Читаем Николай Некрасов полностью

Писателей, которые разделяли бы взгляды Чернышевского и при этом имели какое-то значение в литературе, не было. Поэтому, выдвигая Чернышевского как критика и теоретика, Некрасов одновременно пытался удерживать в «Современнике» лучших авторов, то есть выступать своего рода посредником, буфером между Чернышевским и его врагами в журнале, тем более что сам критик дипломатическими способностями не обладал и иногда, не желая того, своим поведением вызывал обиду и раздражение у старых сотрудников. Раскол долго казался Некрасову недоразумением, во многом основанным не на реальных идеологических расхождениях, а на личной неприязни, поэтому не считал противоестественным соединение в одном журнале Чернышевского, Тургенева, Григоровича, Толстого и даже в какой-то момент Дружинина.
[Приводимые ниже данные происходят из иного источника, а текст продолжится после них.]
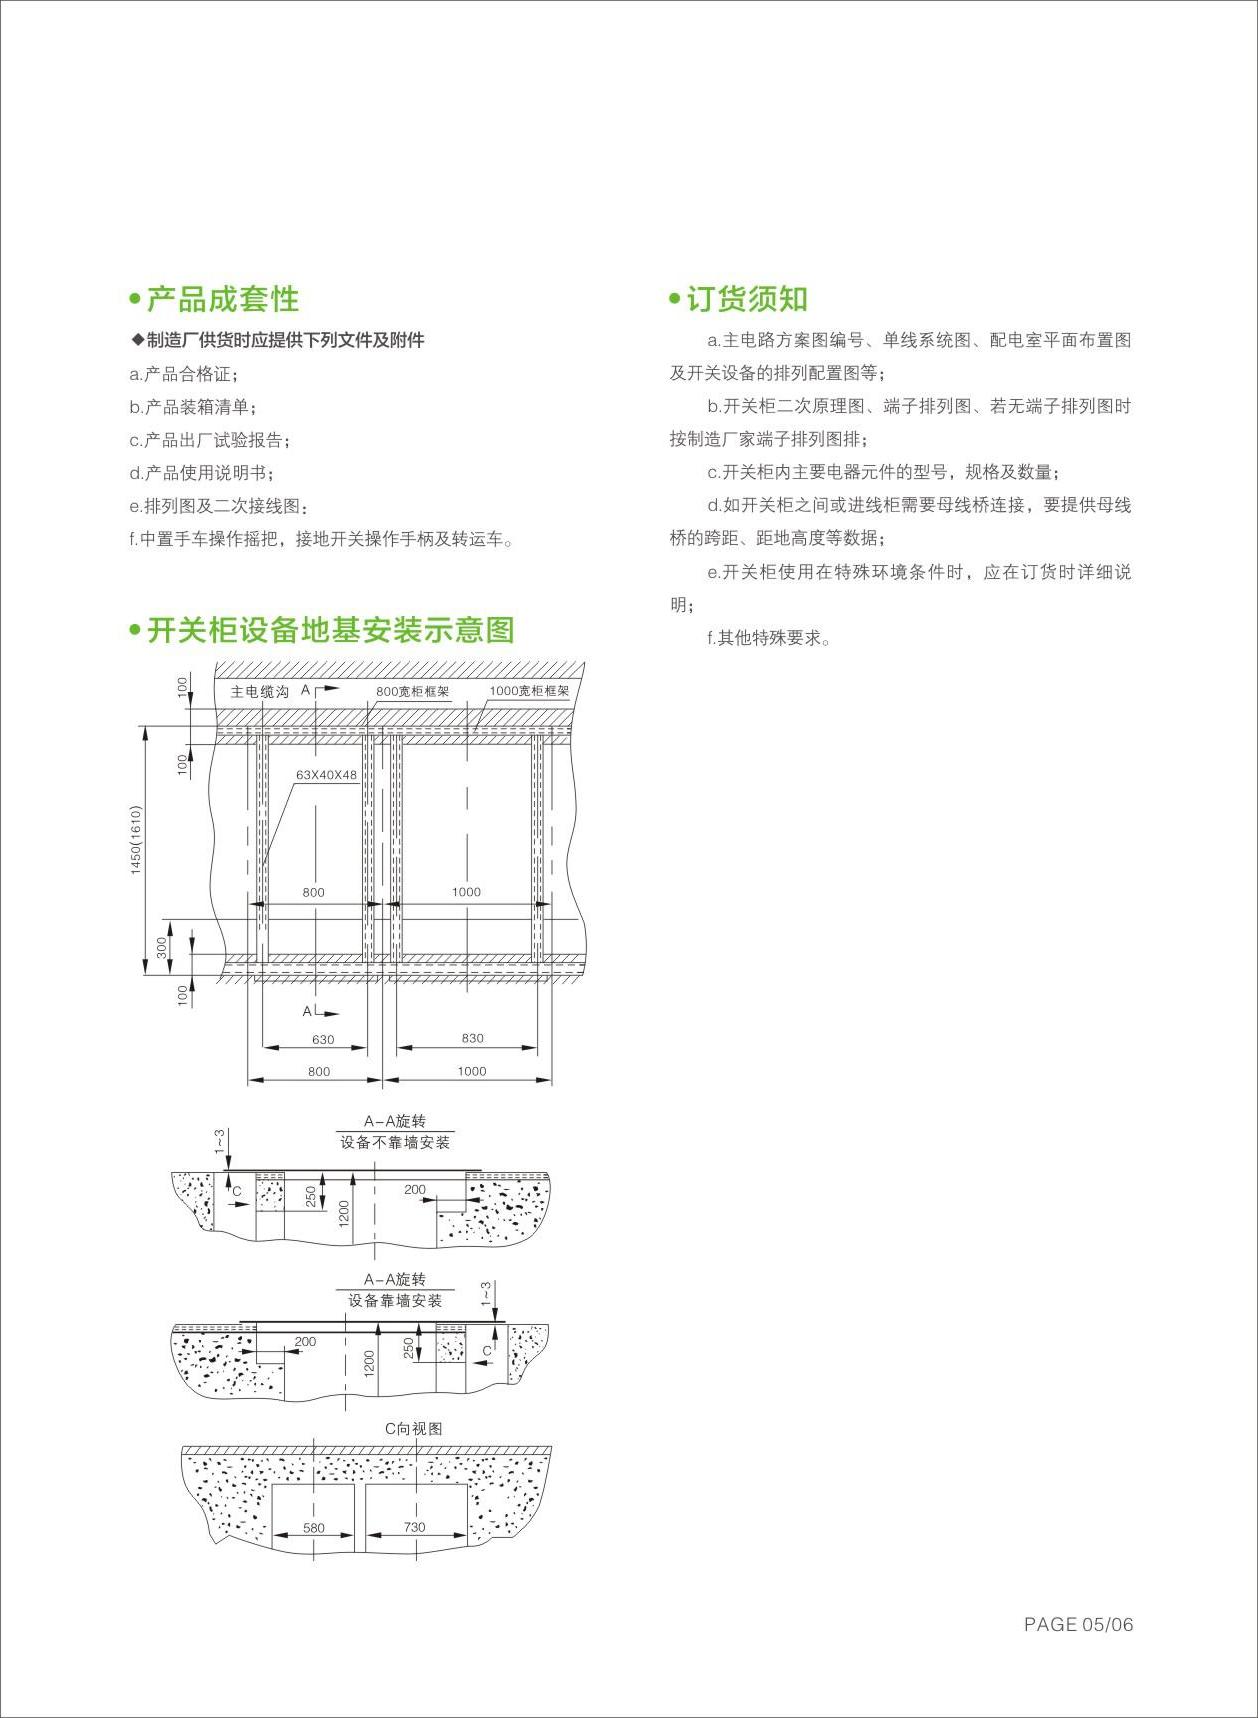 KYN28-24型铠户内交换金属铠装移出式开关设备-03

Поэтому, постоянно поддерживая дружеские отношения с необходимыми ему литераторами, он одновременно в середине года, во-первых, практически полностью отдал на откуп Чернышевскому библиографический отдел, во-вторых, решительно изгоняя из отдела критического игривый дружининский дух, избавился от «фельетонной» литературной критики: сначала исчез «Иногородний подписчик», затем попрощался с читателями и «Новый поэт» (Панаев с декабря стал вести фельетонную колонку, посвященную городским новостям). Некрасов решил вернуться к «серьезным» полным обзорам литературы за месяц, а затем за год, однако, стремясь поддерживать в журнале внутренний баланс, не поручил такие обзоры Чернышевскому, а избрал другой вариант: с июля 1855 года стали ежемесячно появляться «Заметки о журналах», которые Некрасов взялся писать сам в соавторстве с Василием Петровичем Боткиным.
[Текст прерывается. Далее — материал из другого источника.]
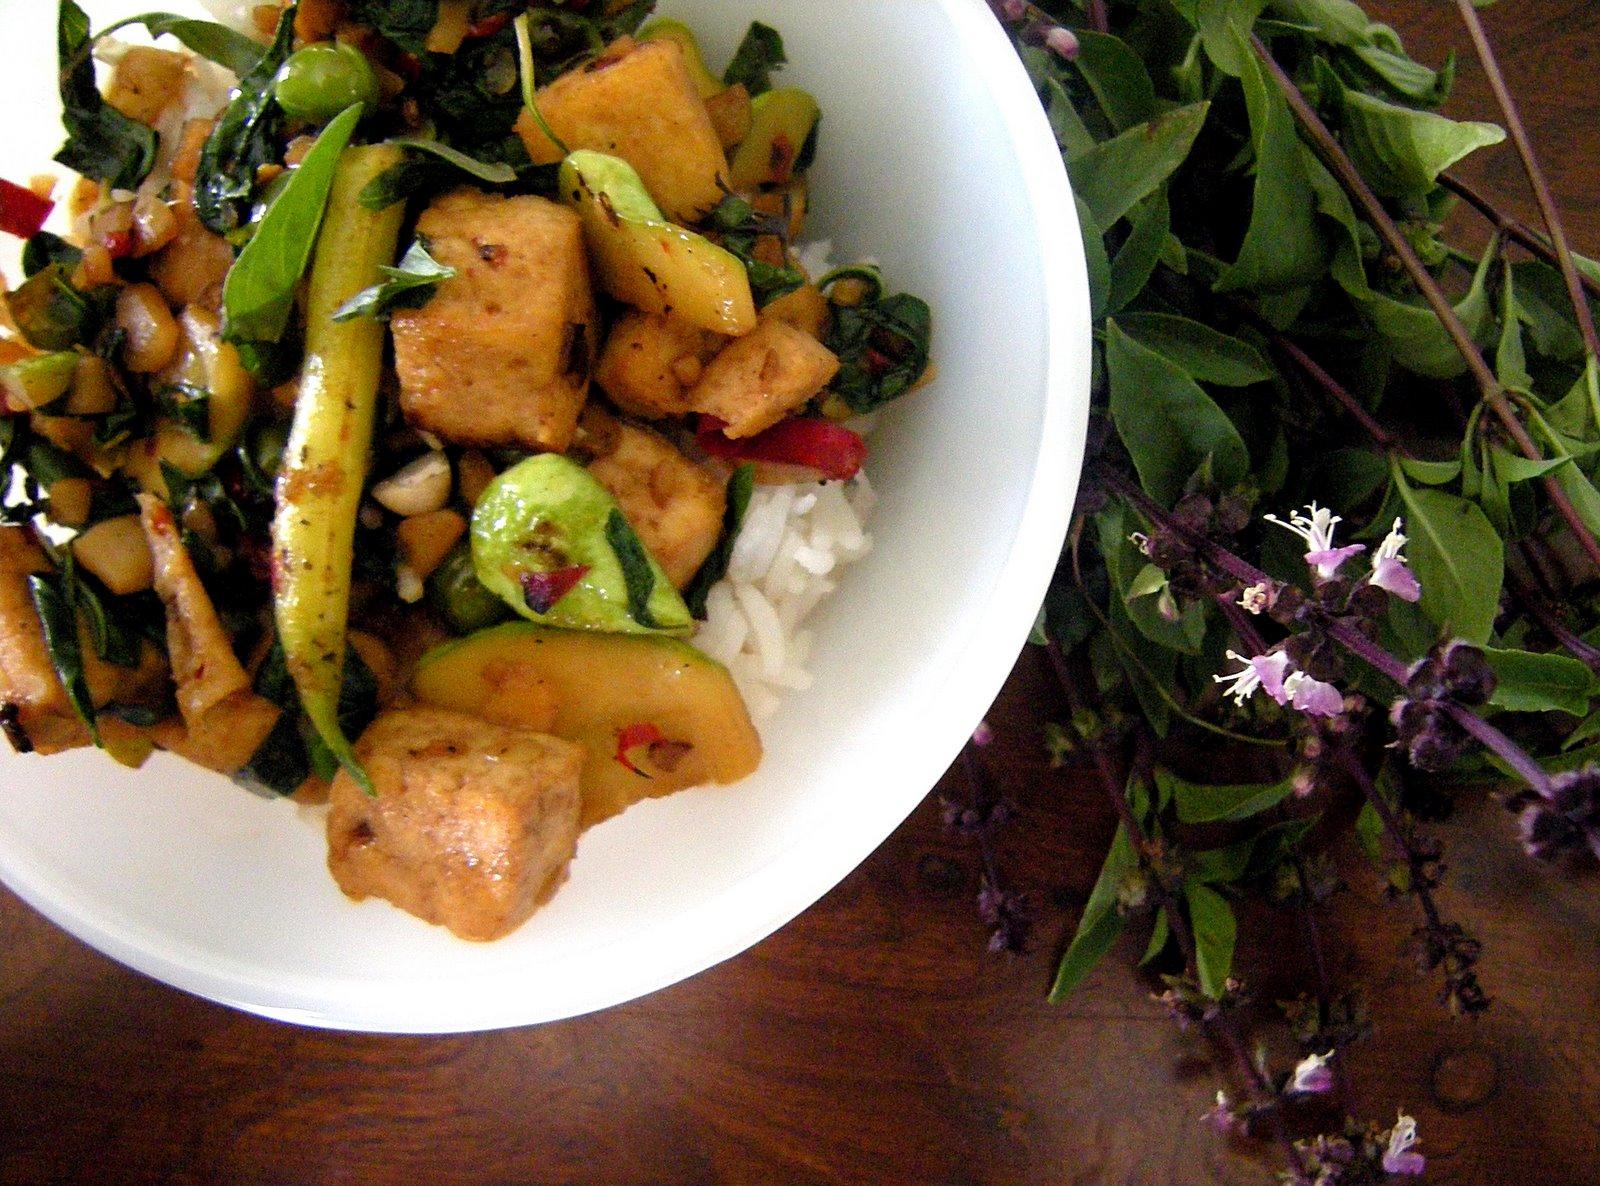 basil stir fry put n 37 izak sweet chiles thai thai basil stir fry ...

Почему именно Боткин, критик, ассоциирующийся обычно с крайней эстетической позицией, в недалеком будущем соавтор (вместе с Фетом) одной из самых враждебных Чернышевскому рецензий на «Что делать?», стал в это время определенной опорой для Некрасова, одним из его ближайших приятелей (в это время Некрасов звал его «Васенька»), оказавшим серьезную материальную поддержку журналу в трудный момент? Несколько месяцев они даже жили вместе на даче под Москвой и очень дружно работали. Всё это труднообъяснимо, если рассматривать ситуацию с точки зрения позднего Боткина, гурмана и эстета, погруженного в чувственные и эстетические наслаждения, превозносящего поэзию Фета и площадно ругающего Чернышевского. Между тем Боткин — фигура существенно более сложная, противоречивая и глубокая, чем Дружинин. В отличие от последнего, он был членом кружка Белинского самого раннего «призыва», познакомился с ним раньше Тургенева и тем более Дружинина, являлся любимым корреспондентом великого критика, ценившего в нем серьезного собеседника, живущего напряженной интеллектуальной жизнью, честно мыслящего, хотя и впадающего, по мнению Белинского, в излишества и крайности. Боткин в своих исканиях прошел разнообразные этапы: был романтиком, крайним прагматиком, сторонником Фейербаха (едва ли не он и открыл для Белинского фейербаховскую философию), Конта, атеистом, познакомился с Марксом, переводил Энгельса, восхвалял великие принципы свободы, равенства и братства. Для такого человека появление Чернышевского с его радикализмом, преклонением перед Фейербахом не было очень «страшным» и не стало сразу предметом догматического отрицания. Боткин мыслил сложнее и интереснее Дружинина, не признавая идеи Чернышевского, но видя в них осмысленное основание, не дававшее от них отмахнуться (как это пытался сделать Тургенев). В этом смысле он был близок к Некрасову, видя реальную связь между идеями Чернышевского и поздними взглядами Белинского и его собственными конца 1840-х годов. Вероятно, готовность идти на союз с Некрасовым и Чернышевским подогревалась у Боткина некоторыми амбициями — представившейся возможностью занять важное место в одном из лучших русских журналов. Боткин в это время имел на Некрасова определенное влияние. Прежде всего, он познакомил поэта с трудами английского философа Томаса Карлейля, которые в это время переводил, и это знакомство сыграло важную роль в поэтическом самоопределении Некрасова.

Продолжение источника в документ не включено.